Abstract: Deploying large language model (LLM) architectures with billions of parameters can pose significant challenges. Creating generative AI interfaces is difficult enough on its own but add to that the complexity of managing a complex architecture while juggling computational requirements and ensuring efficient resource utilization, and you’ve got a potential recipe for disaster when transitioning your training models to a real-world scenario. LangChain, an open source framework for developing applications powered by LLMs, aims to simplify creating these interfaces by streamlining the use of several neuro-linguistic programming (NLP) components into easily deployable chains. At the same time, Kubernetes can help manage the underlying infrastructure.

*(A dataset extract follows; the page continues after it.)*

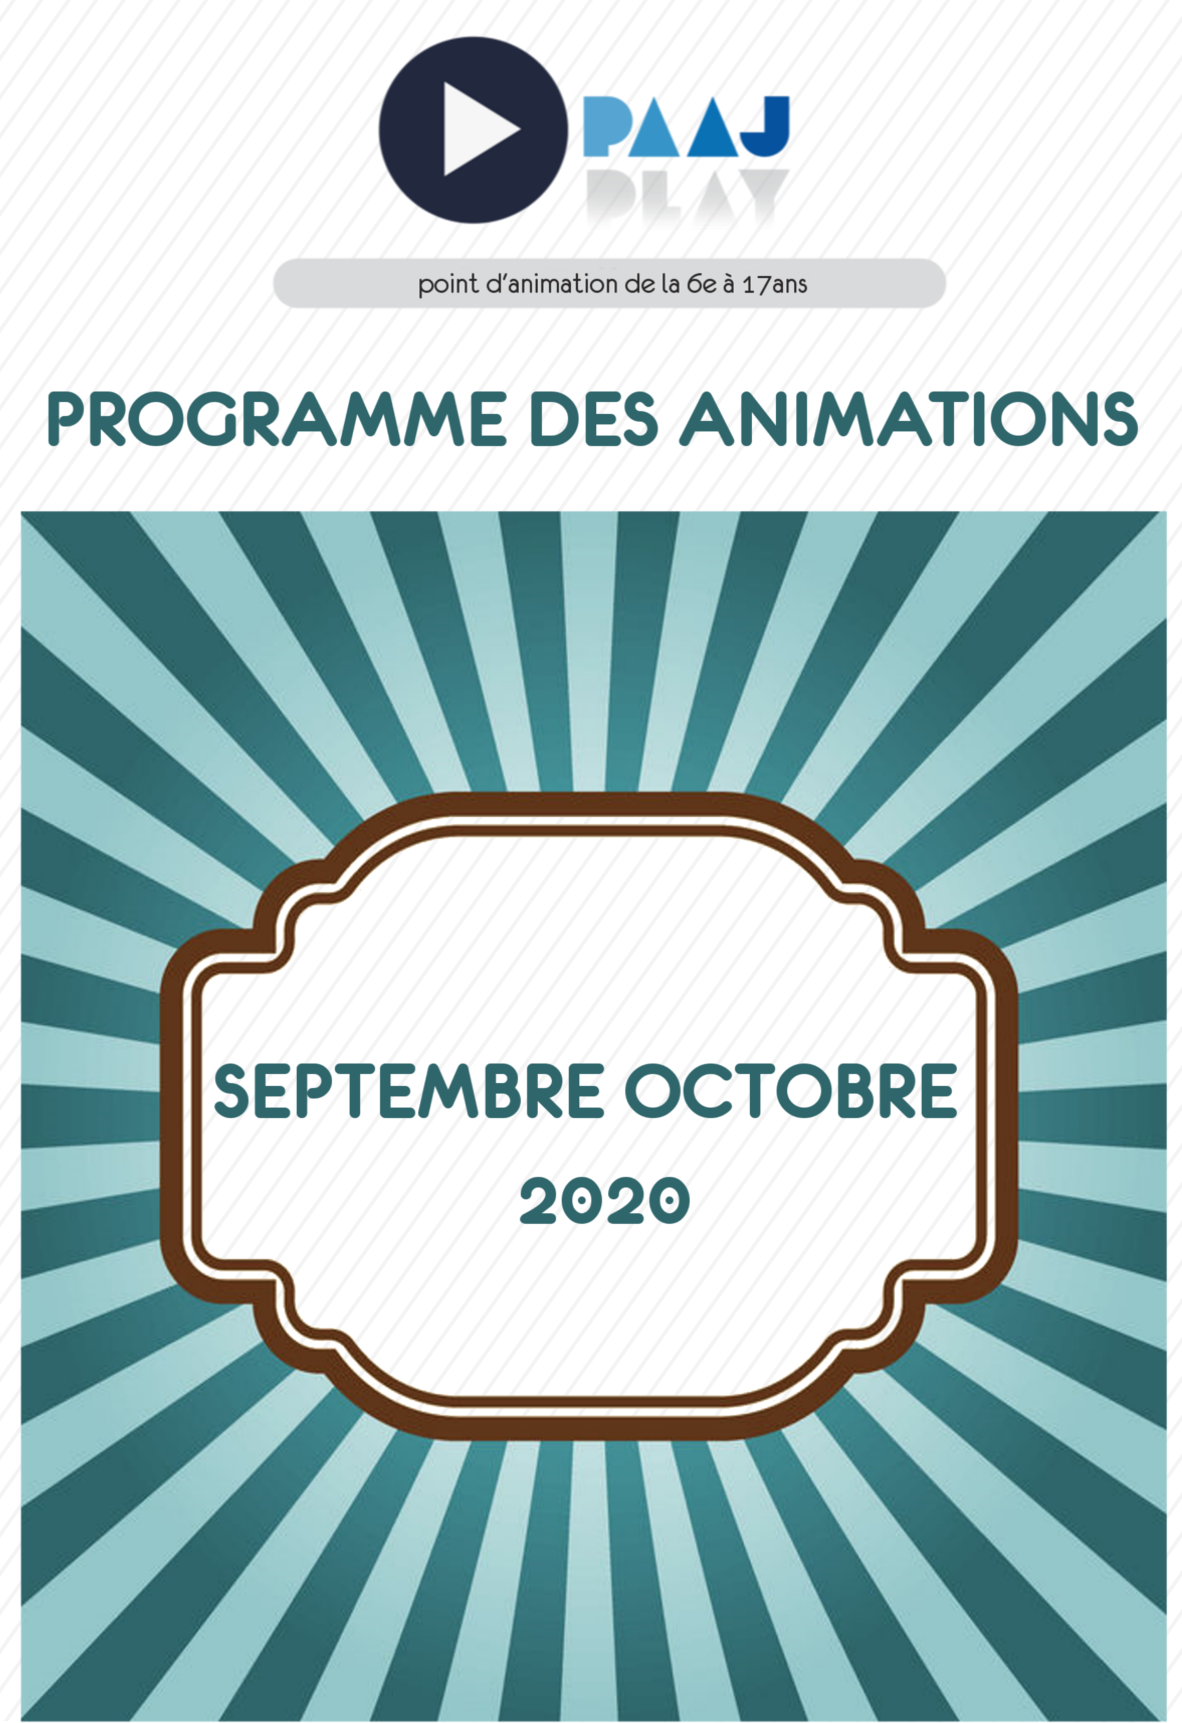 PAAJ : programme des animations septembre et octobre 2020

This talk walks you through how to smoothly and efficiently transition your trained models to working applications by deploying an end-to-end LLM containerized application built with LangChain in a cloud-native environment using open-source tools like Kubernetes, LangServe, and FastAPI. You'll learn how to deploy a trained model quickly and easily that's designed for scalability, flexibility, and seamless orchestration.
Bio: Ezequiel Lanza is an AI open source evangelist at Intel. He holds an M.S. in Data Science, and he’s passionate about helping people discover the exciting world of artificial intelligence; Ezequiel is a frequent AI conference presenter and the creator of use cases, tutorials, and guides that help developers adopt open-source AI tools.